The consumer confidence index jumped to 63.3 in May from a downwardly revised 57.7 last month, the Conference Board reported yesterday.

The April index was originally reported as 57.9. Economists polled by Thomson Reuters predicted the index would be 59.0. The present situation index climbed to 30.2 from a downwardly revised 28.2, originally reported as 28.6, while the expectations index increased to 85.3 from an unrevised 77.4 last month.

“Consumer confidence posted its third consecutive monthly gain, and although still weak by historical levels, appears to be gaining some traction,” said Lynn Franco, director of the Conference Board’s Consumer Research Center.

“Consumers’ apprehension about current business conditions and the job market continues to slowly dissipate.
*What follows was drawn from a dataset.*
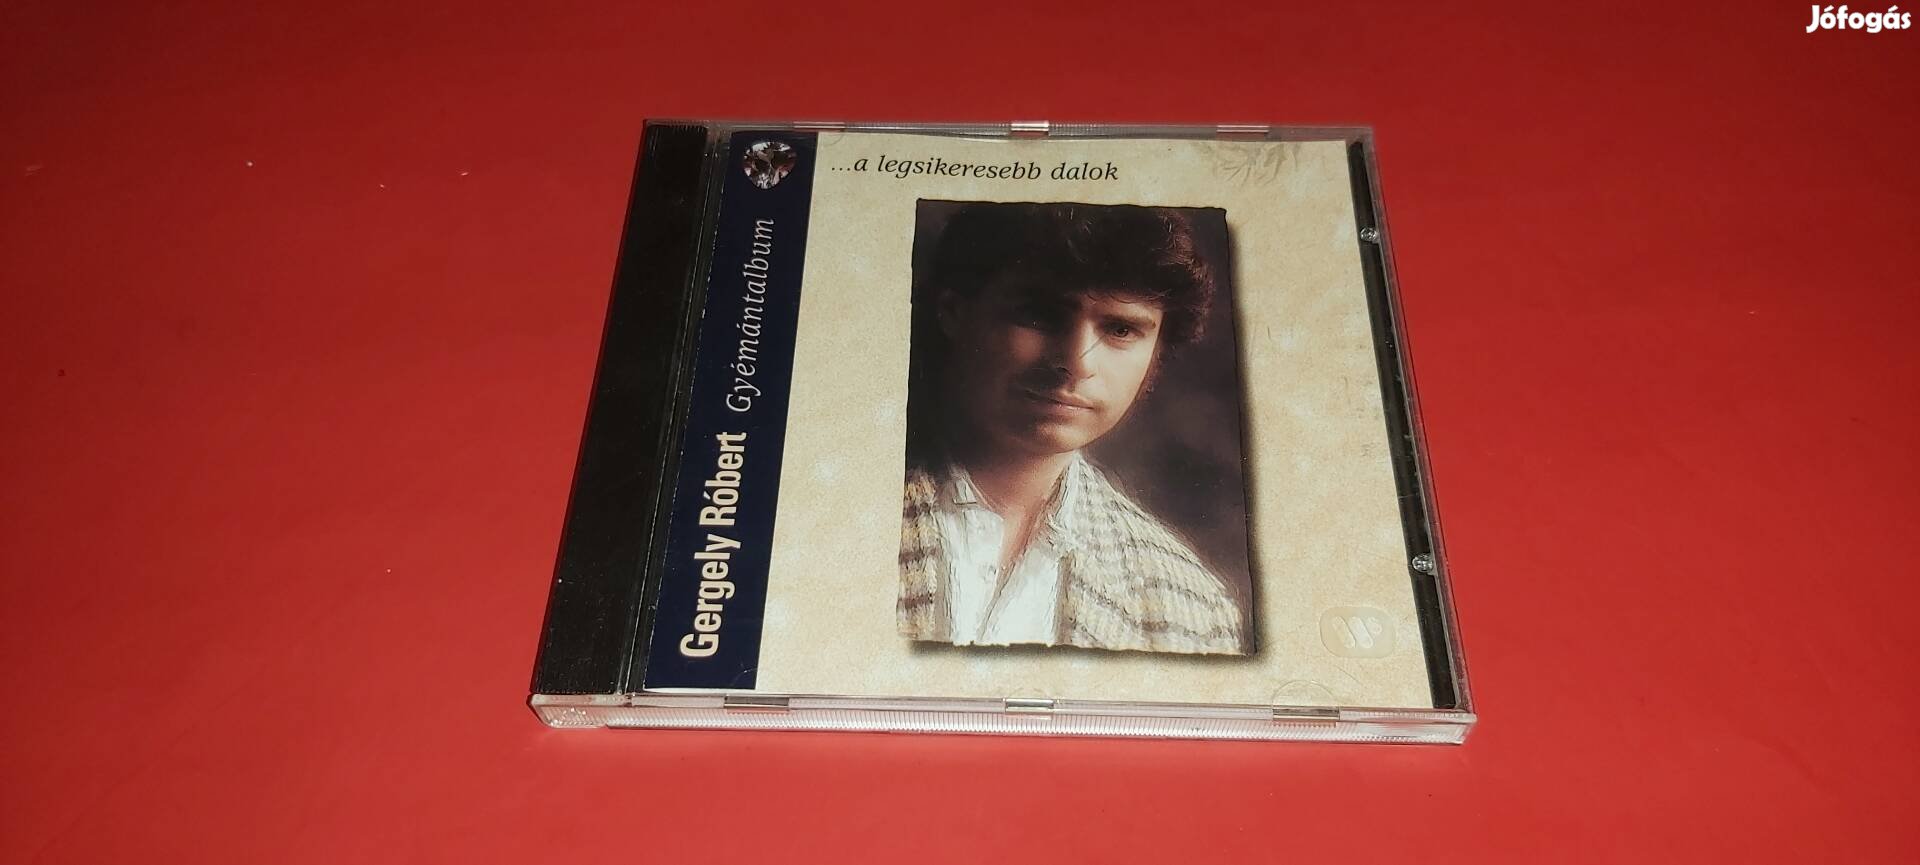 Gergely Róbert Gyémánt album Cd 1996

Consumers’ expectations, on the other hand, have increased sharply over the past three months, propelling the expectations index to pre-recession levels (August 2007 89.2),” Franco said. “The improvement has been fueled primarily by growing optimism about business and labor market conditions. Income expectations, however, remain downbeat.”
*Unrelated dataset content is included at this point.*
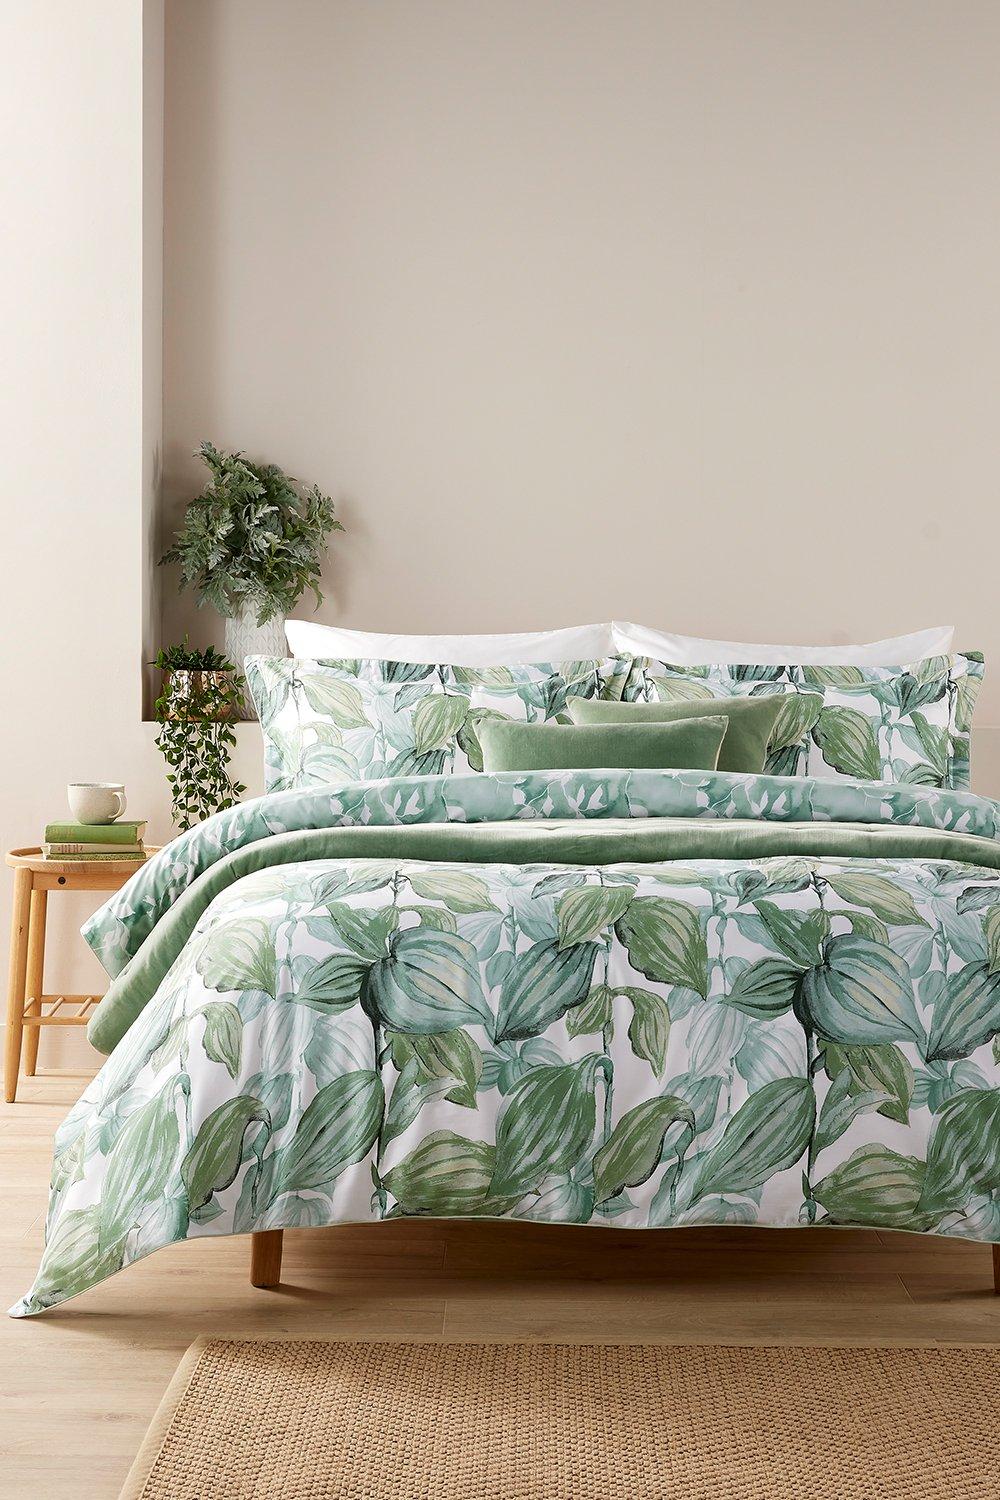 'Hartley' Cotton Sateen Tropical Plants Floral Print Duvet Cover Sets

Business conditions were termed “good” by 10.0% of respondents in May, up from 8.9% in April. Those saying conditions are “bad” fell to 39.3% from 40.0%.

The percentage of consumers expecting a pickup in business conditions in the next half year grew to 23.5% from 19.7%, while 11.5% said they expect conditions to worsen, down from 12.4%.

On the jobs front, those who believe jobs are “plentiful” dipped to 4.6% in May from 4.7% in April, while the number saying jobs are “hard to get” fell to 43.6% from 44.8%. Respondents who see more jobs becoming available in a half year rose to 20.4% from 17.7%. Those expecting fewer jobs to become available dipped to 17.7% from 19.9%, the Conference Board reported.